| To do |
Go through the listing below and repeat it exactly, omitting each picture.

| Given data |

----------------------------------------

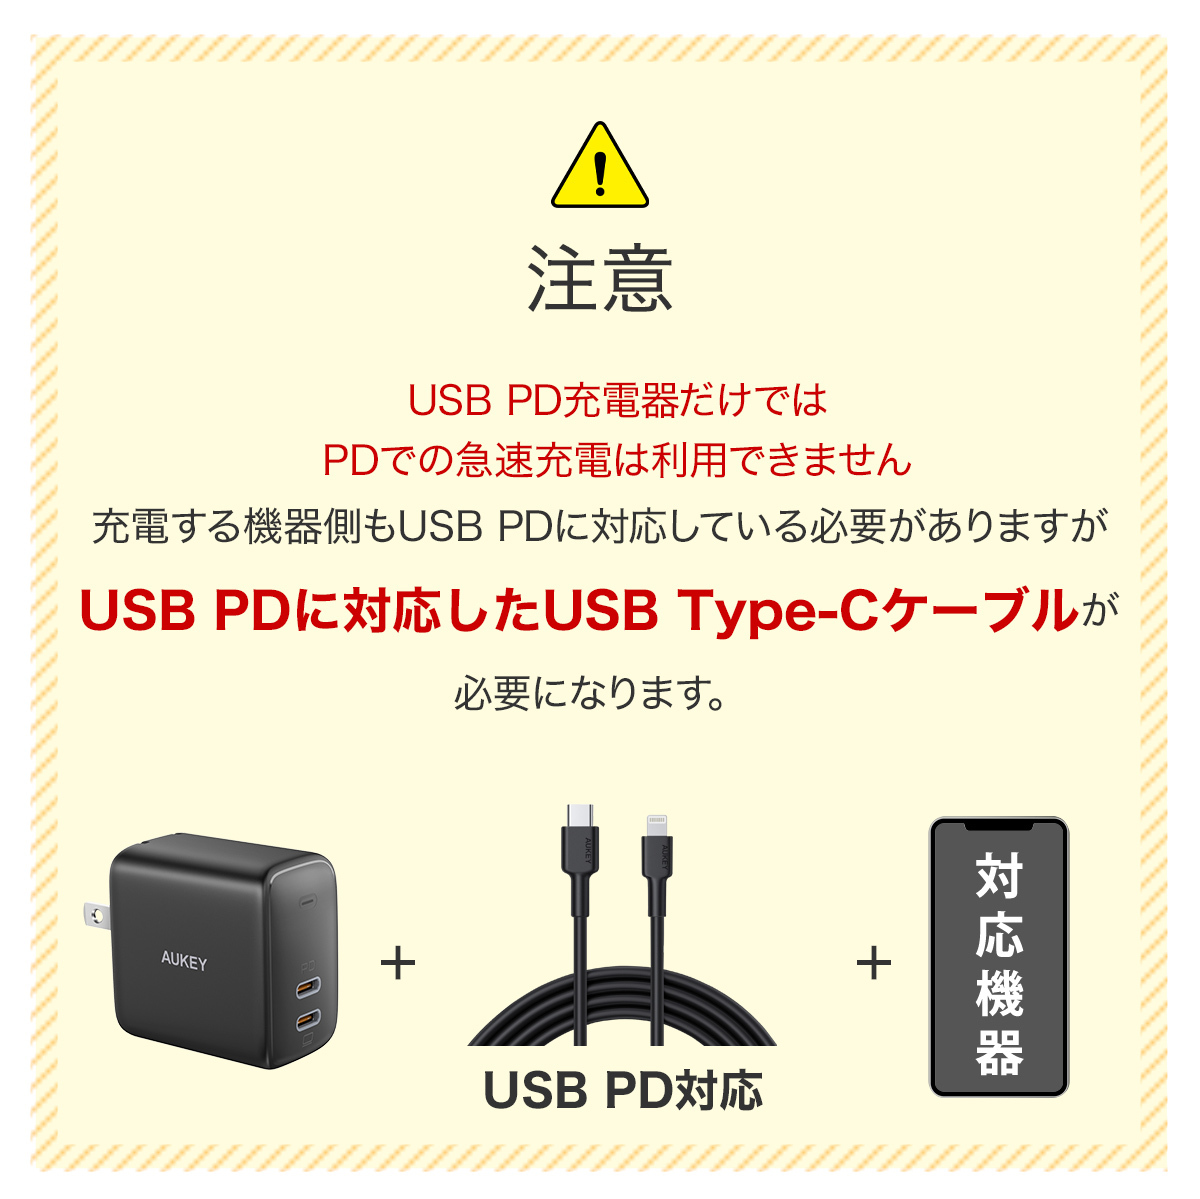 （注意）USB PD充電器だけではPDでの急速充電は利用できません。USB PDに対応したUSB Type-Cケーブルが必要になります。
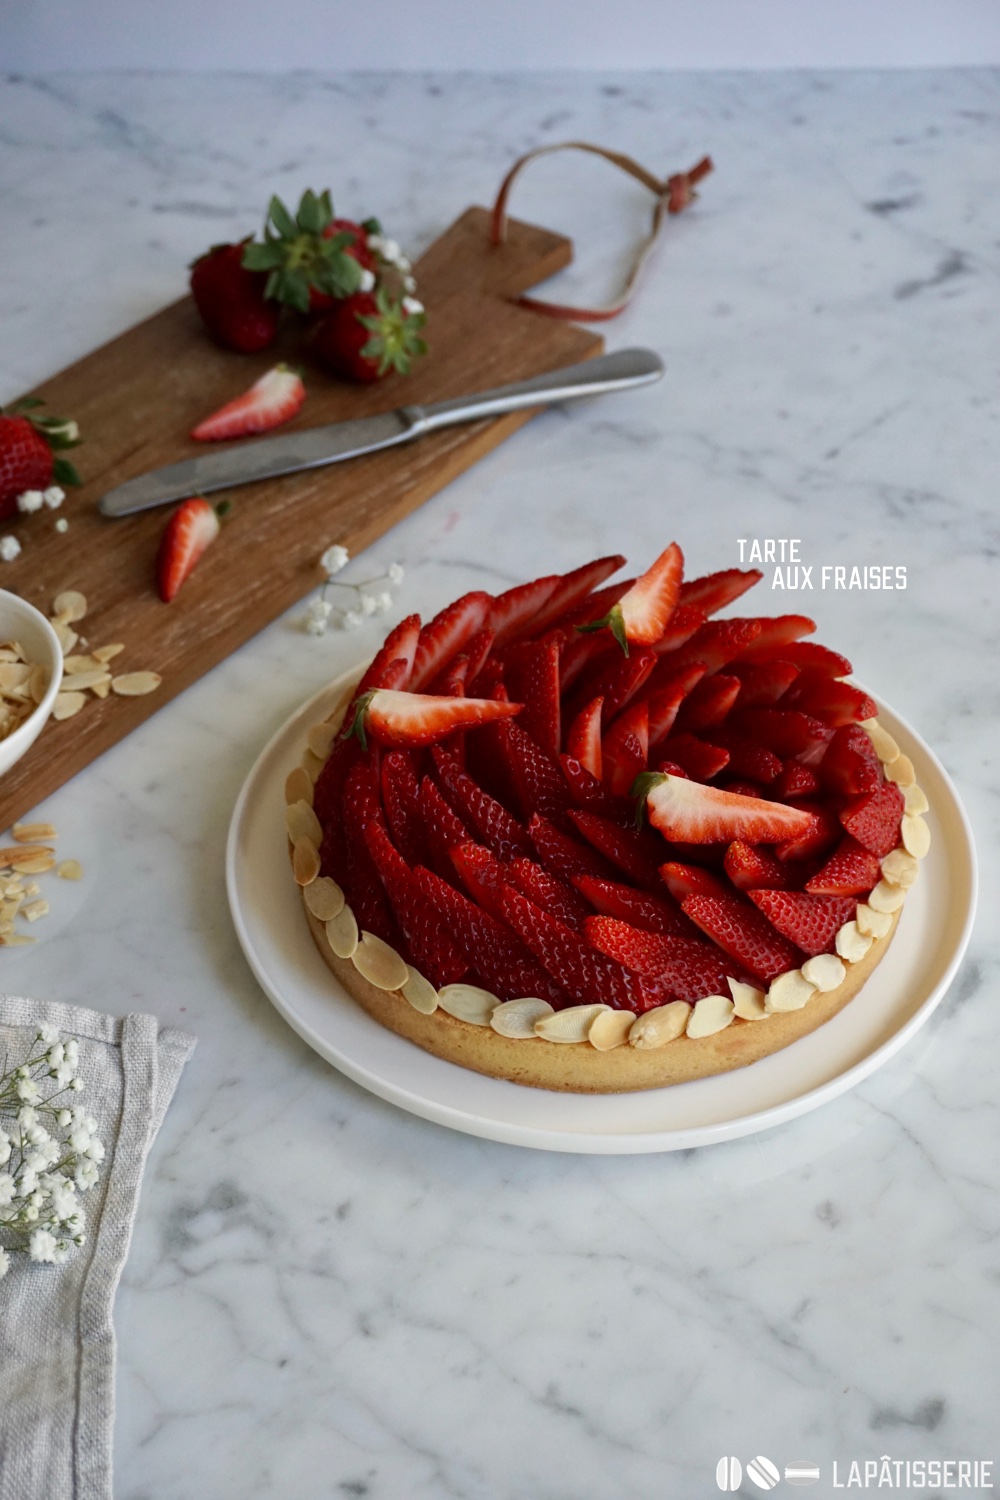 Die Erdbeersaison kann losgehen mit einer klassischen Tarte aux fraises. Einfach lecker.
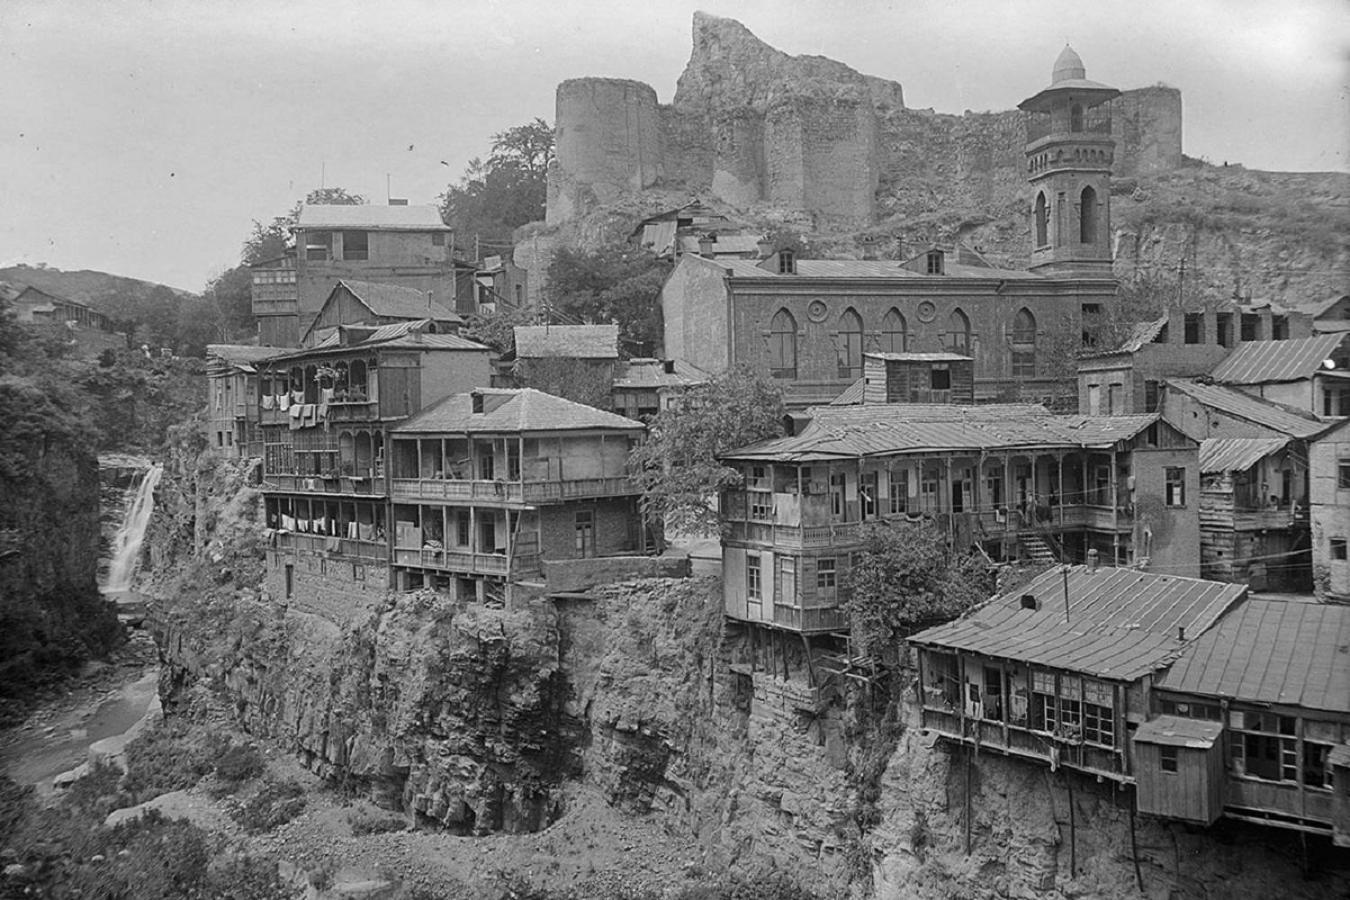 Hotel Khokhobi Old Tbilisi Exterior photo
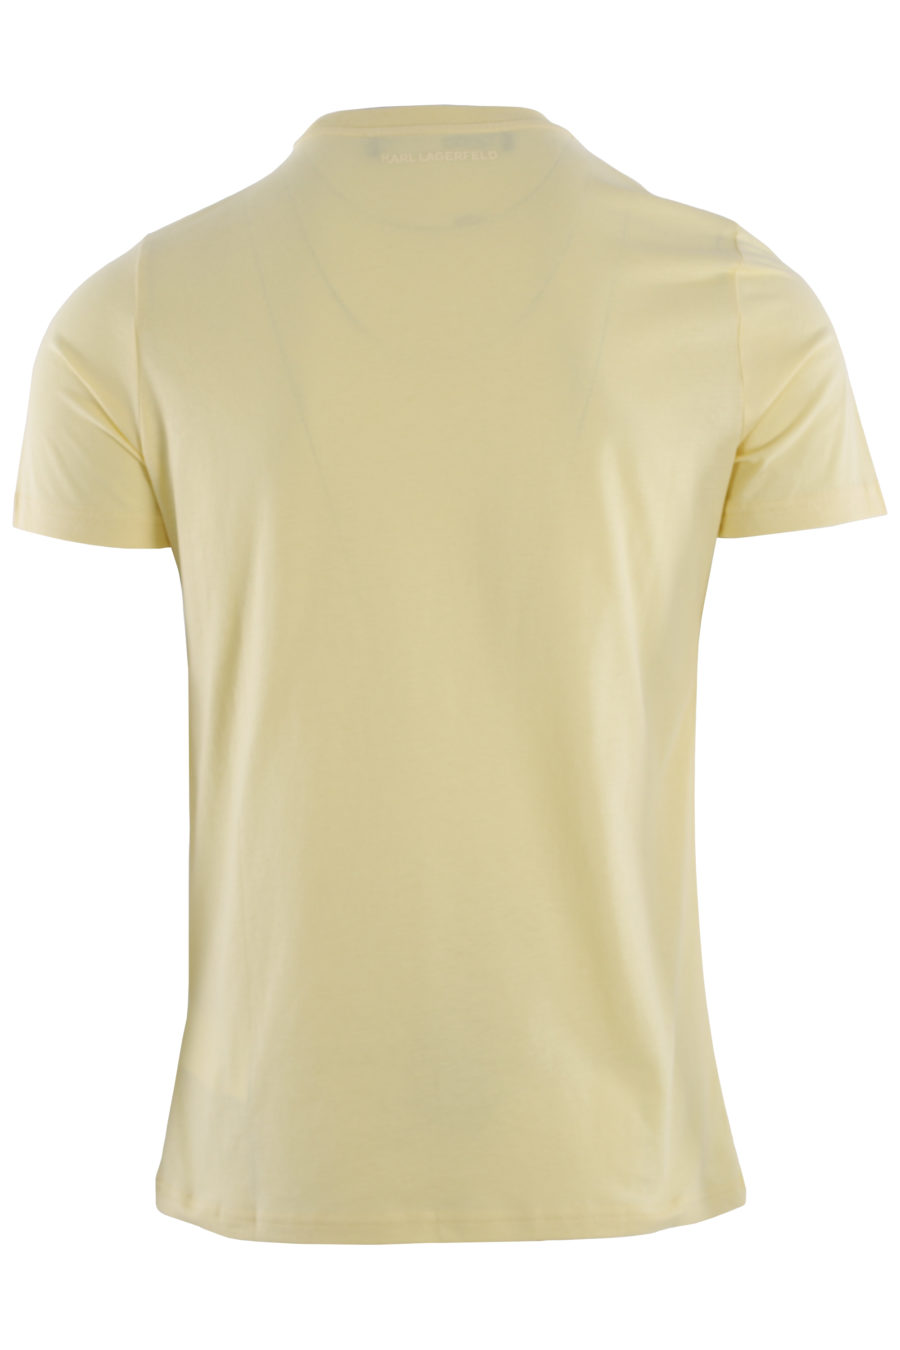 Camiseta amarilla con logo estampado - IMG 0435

----------------------------------------

| Your solution |
 （注意）USB PD充電器だけではPDでの急速充電は利用できません。USB PDに対応したUSB Type-Cケーブルが必要になります。
 Die Erdbeersaison kann losgehen mit einer klassischen Tarte aux fraises. Einfach lecker.
 Hotel Khokhobi Old Tbilisi Exterior photo
 Camiseta amarilla con logo estampado - IMG 0435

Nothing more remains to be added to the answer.